Past precedent, relied upon by plaintiffs, allowed approval of applications to continue when updates were madeCain wrote. The judge has a history of ruling against the government, having also previously blocked the Biden administration’s estimate of the social cost of carbon in 2022. However, his decision was ultimately overturned by the 5th Circuit Court of Appeals.

No investors

Environmentalists, the federal government and the legal system are not always the biggest enemy of the LNG sector, the development of approved LNG projects sometimes faces years of delays due to a lack of investors.

Specifically, $43 billion run by the state Alaska LNG Project has yet to take off, with no major deals or investments announced by Alaska Gasline Development Corp., or AGDC. In January, the administration of Alaska Republican Gov. Mike Dunleavy submitted a $4.5 million budget request to the Senate Finance Committee for the project, only to receive rejection and pointed questions by three members of the commission.

In the eight years since I’ve been a legislator, I don’t think they’ve made an investment. And so is this a good use of those funds? Or we need a change of leadership there?” posed Wasilla Republican Sen. David Wilson.

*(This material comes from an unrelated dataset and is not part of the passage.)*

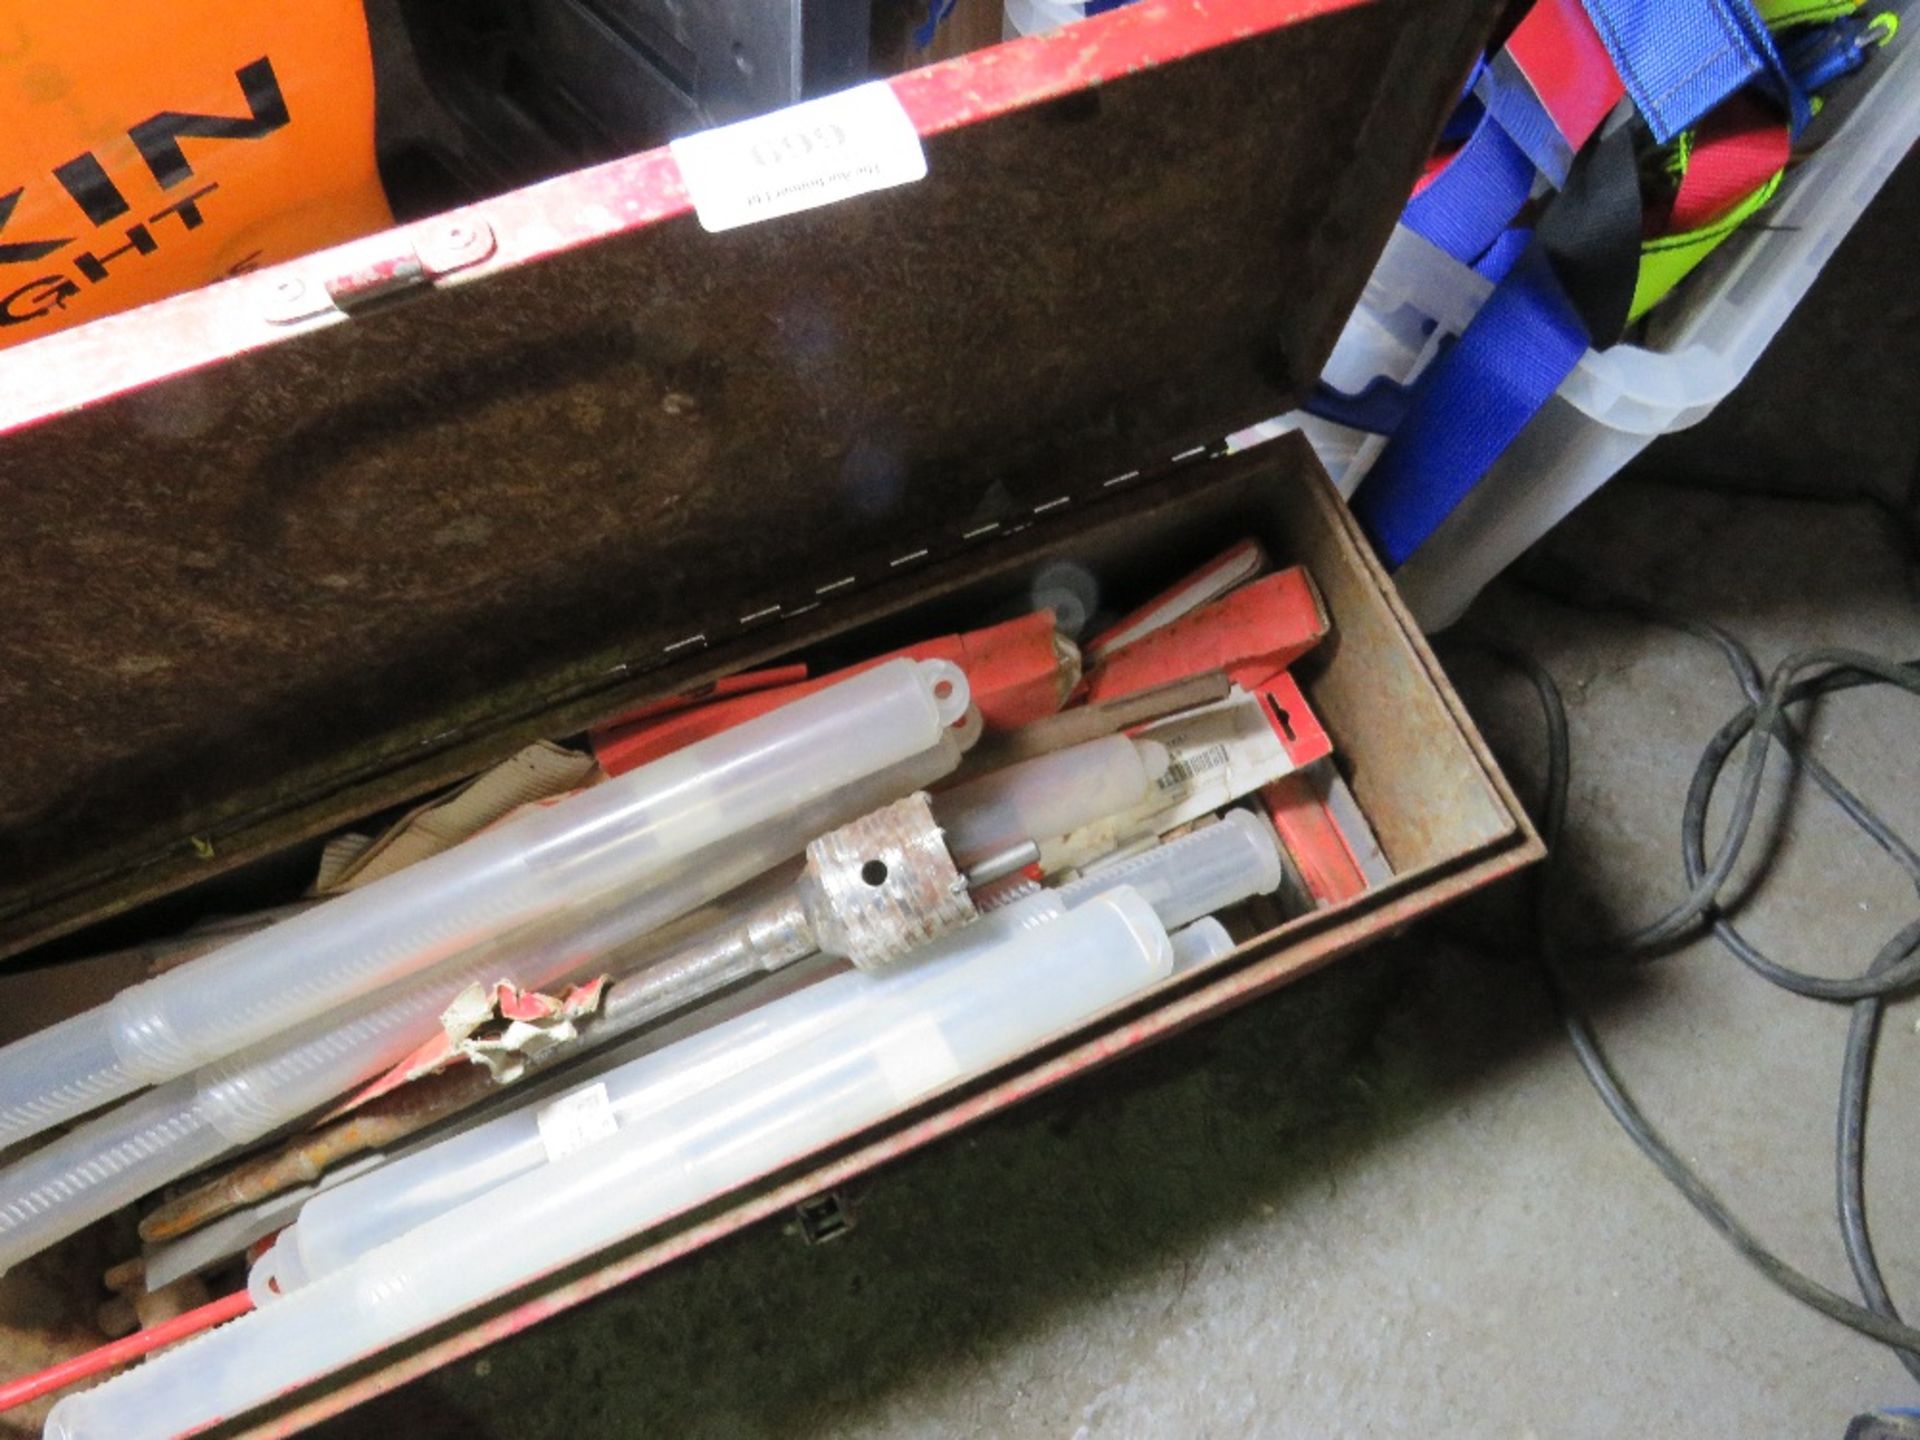 BOX OF LARGE DRILL BITS. SOURCED FROM DEPOT CLEARANCE DUE TO A CHANGE IN COMPANY POLICY. - Image 2 of 2

For decades, Alaskan lawmakers have dreamed of building an 800-mile ConocoPhillips-like natural gas pipeline. the trans-Alaska oil pipelinethat could export gas to out-of-state markets, provide cheaper heating fuel for Alaska residents, and generate thousands of construction jobs. Geared toward exports to Asian markets, the project was first proposed by former Republican Gov. Sean Parnell more than a decade ago, and his successors, including Dunleavy, have continued to support it. When completed, the project will source its gas from the enormous Prudhoe Bay and Point Thomson oil fields owned by ConocoPhillips. ExxonMobil Corp. (NYSE:XOM) and Hilcorp.